The prosecution's star witness was an admitted hit man who took the stand against his own brother to spell out the allegations, crime by crime. Over 10 weeks, the jury heard about 18 killings, including the beating death and cornfield burial of Tony ``The Ant'' Spilotro, the mob's man in Las Vegas and the inspiration for Joe Pesci's character in the 1995 movie Casino.
It was a sweeping victory for prosecutors. The jury found all five men guilty of a racketeering conspiracy that included the 18 unsolved murders, as well as other counts of bribery, illegal gambling and tax fraud.
Alleged mob boss James Marcello, 65; alleged mob capo Joseph "Joey the Clown" Lombardo, 78; convicted loan shark Frank Calabrese Sr, 70; and convicted jewel thief Paul Schiro, 70, could face up to life in prison. The fifth man, retired Chicago police officer Anthony Doyle, 62, was the only one among the five not accused of carrying out at least one of the killings.
Testimony ranged from accounts of former friends lured to their deaths to clandestine rituals where initiated "made guys" had their fingers cut and were required to take an oath while holding burning religious pictures.
The government's star witness was Nicholas Calabrese, an admitted hit man who cooperated with the government in hopes of avoiding a death sentence.
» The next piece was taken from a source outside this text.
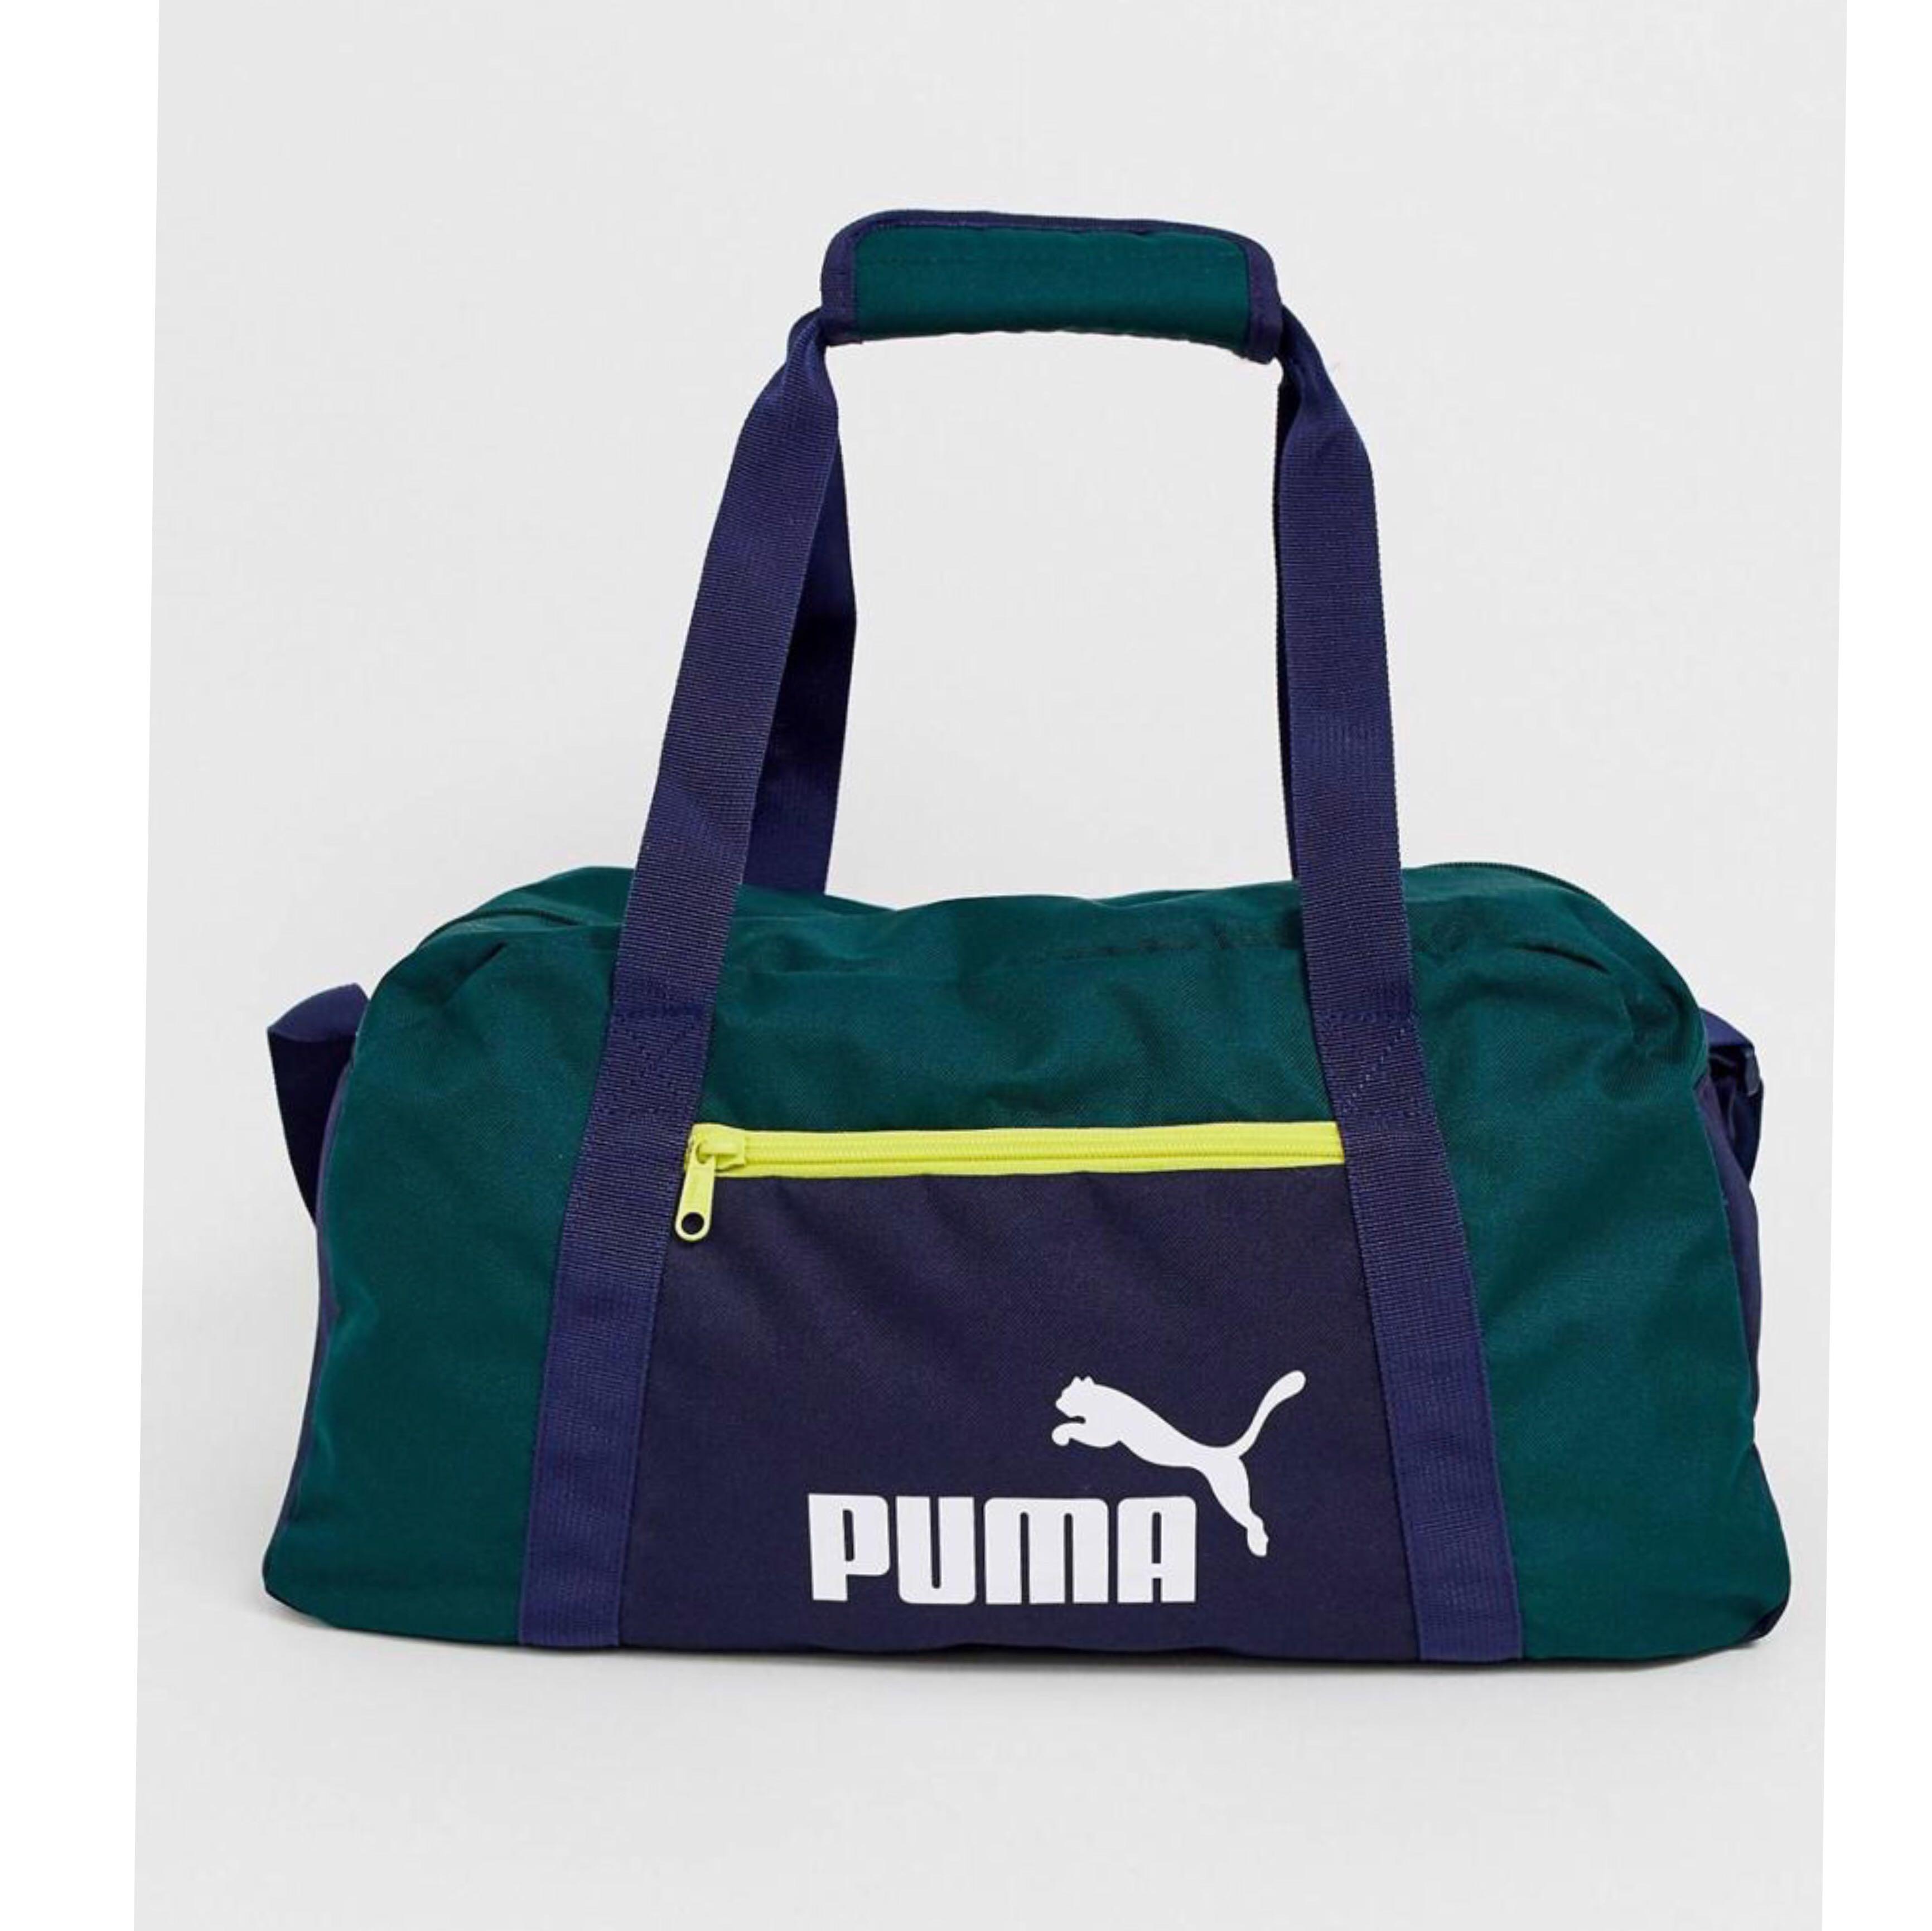 3c5967daab Home · Men s Fashion · Bags   Wallets · Sling Bags. photo photo photo photo

He said his brother, Frank Calabrese, ran a loan sharking business and specialized in strangling victims with a rope then cutting their throats to make certain that they were dead.
Frank Calabrese admitted in court that he associated with mobsters, but denied being one.
Yet his brother described a 1983 killing in which the two blasted away on a suburban Chicago street, killing two.
"In my mind, I knew I had to do this because if I didn't, my brother would have flattened me," Nicholas Calabrese testified.
Frank Calebrese's attorney, Joseph Lopez, had urged jurors not to trust his client's brother.
"He would shoot you in the head over cold ravioli," Lopez declared.
Doyle, the retired police officer, was accused of leaking law enforcement information to the mob.
During the trial, the court heard tapes the FBI made of him as he spoke with Calabrese in the visitors room at federal prison.
The prosecutor said it was mob code talk. Doyle said that he could not understand what Calabrese was telling him and considered it "mind-boggling gibberish."